***** Data shown *****

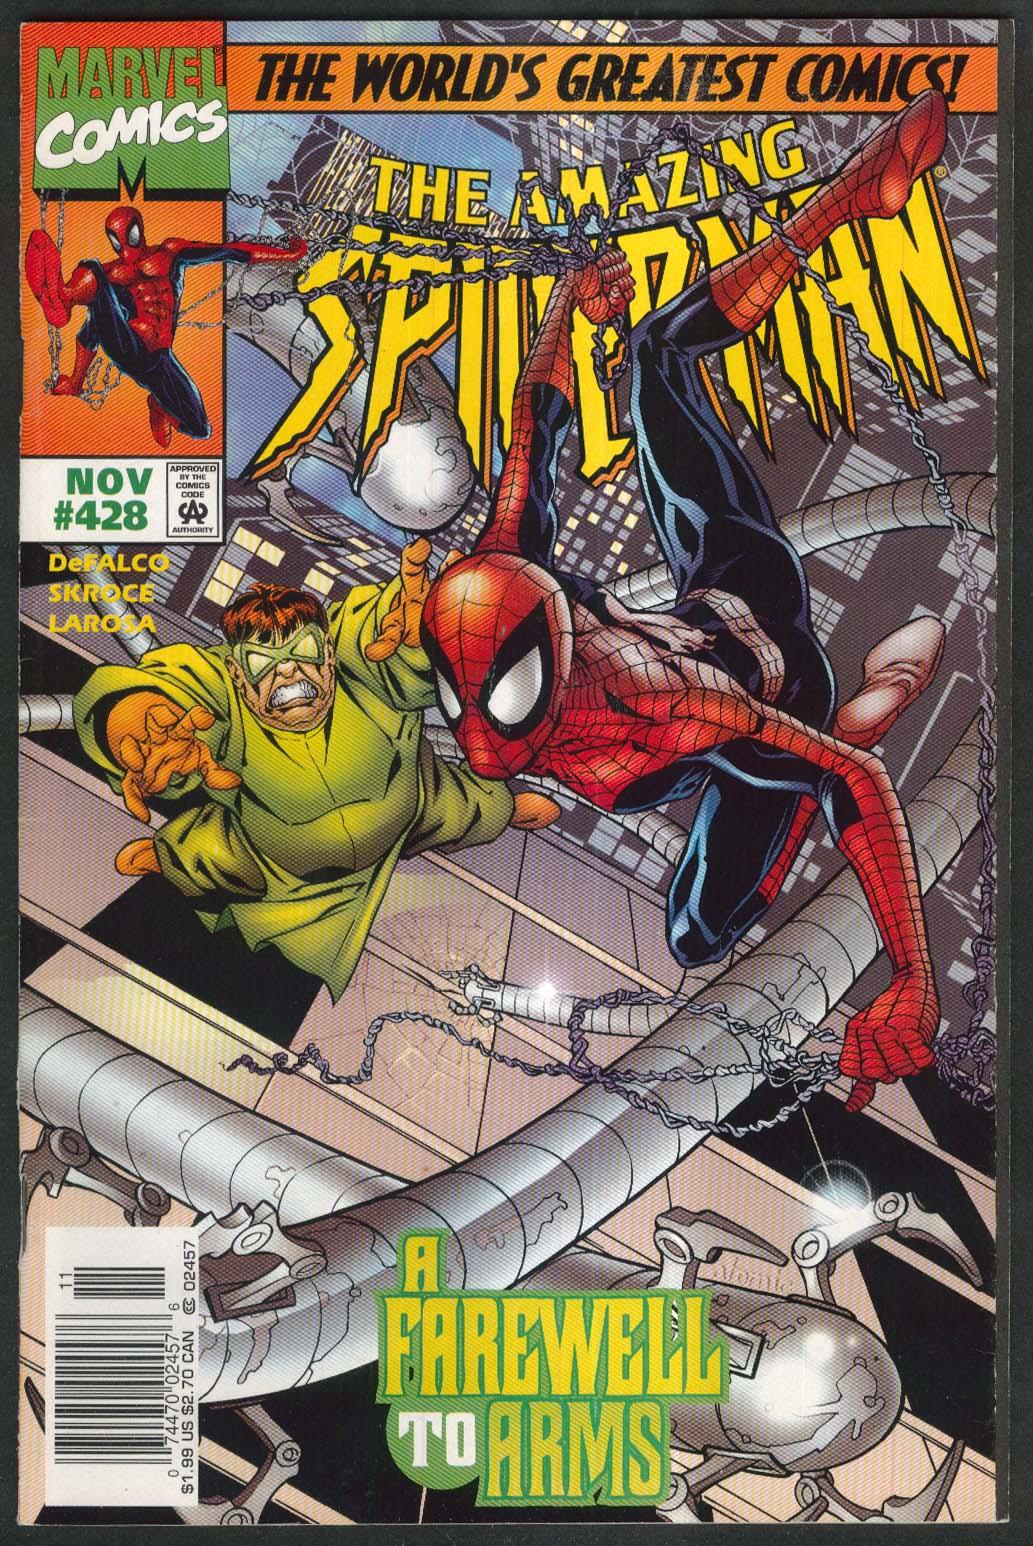 AMAZING SPIDER-MAN #428 Marvel comic book 11 1997
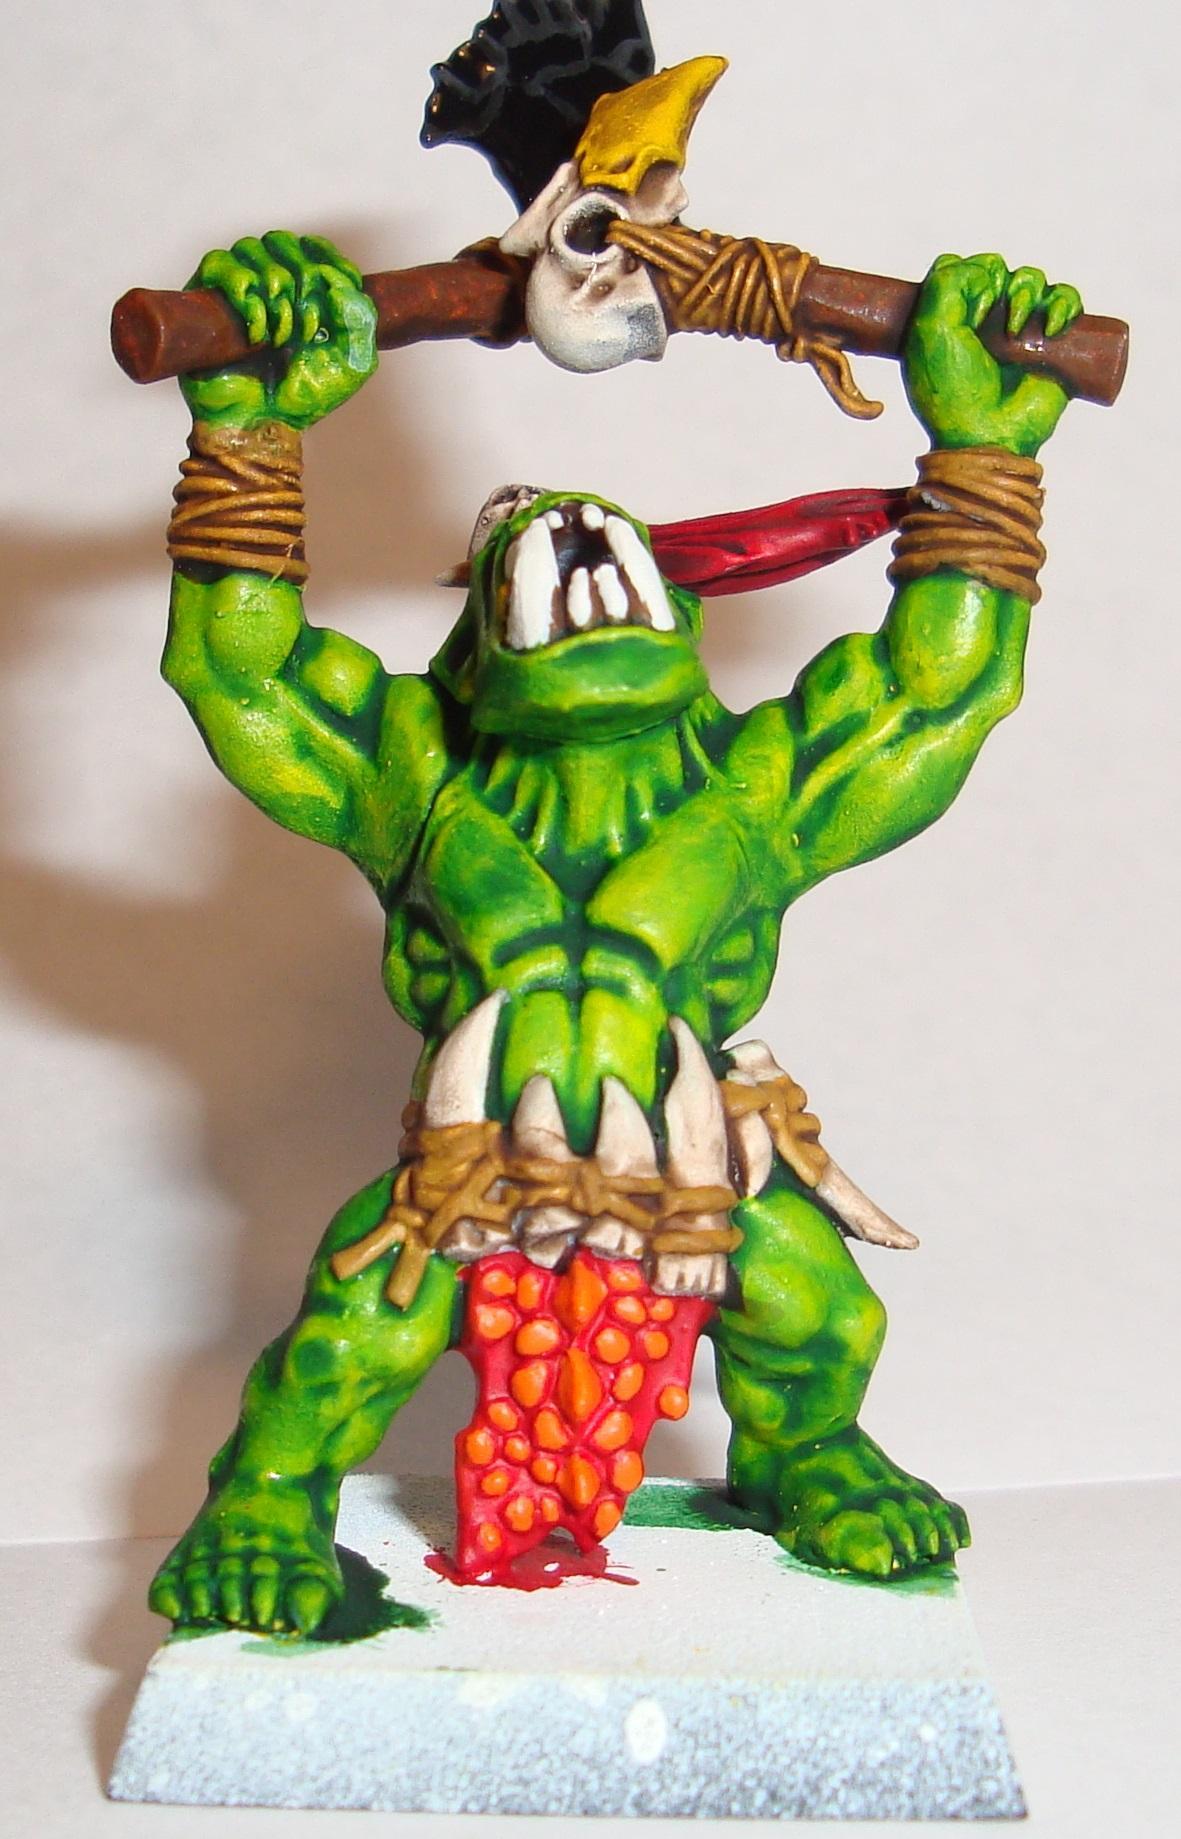 Goblins, Night Goblins, Orcs, Savage Orcs, Warhammer Fantasy
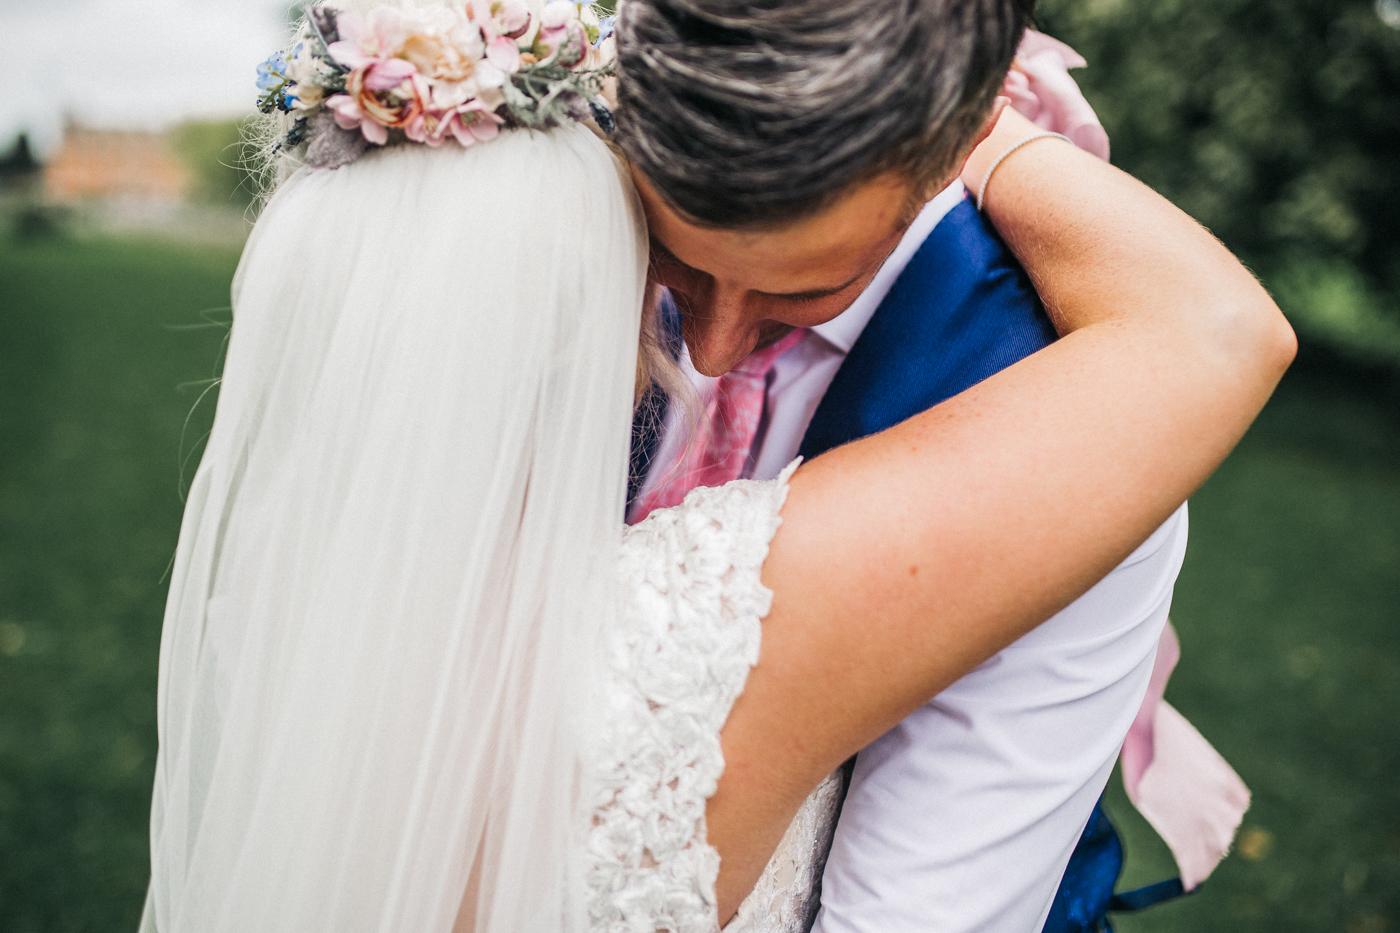 teesside-middlesbrough-north-east-wedding-photographer-creative-wedding-venues-0147.jpg

*****

* Assigned task *
A word-for-word restatement of all the lines above is needed, with the pictures omitted.

* Solved exercise *
 AMAZING SPIDER-MAN #428 Marvel comic book 11 1997
 Goblins, Night Goblins, Orcs, Savage Orcs, Warhammer Fantasy
 teesside-middlesbrough-north-east-wedding-photographer-creative-wedding-venues-0147.jpg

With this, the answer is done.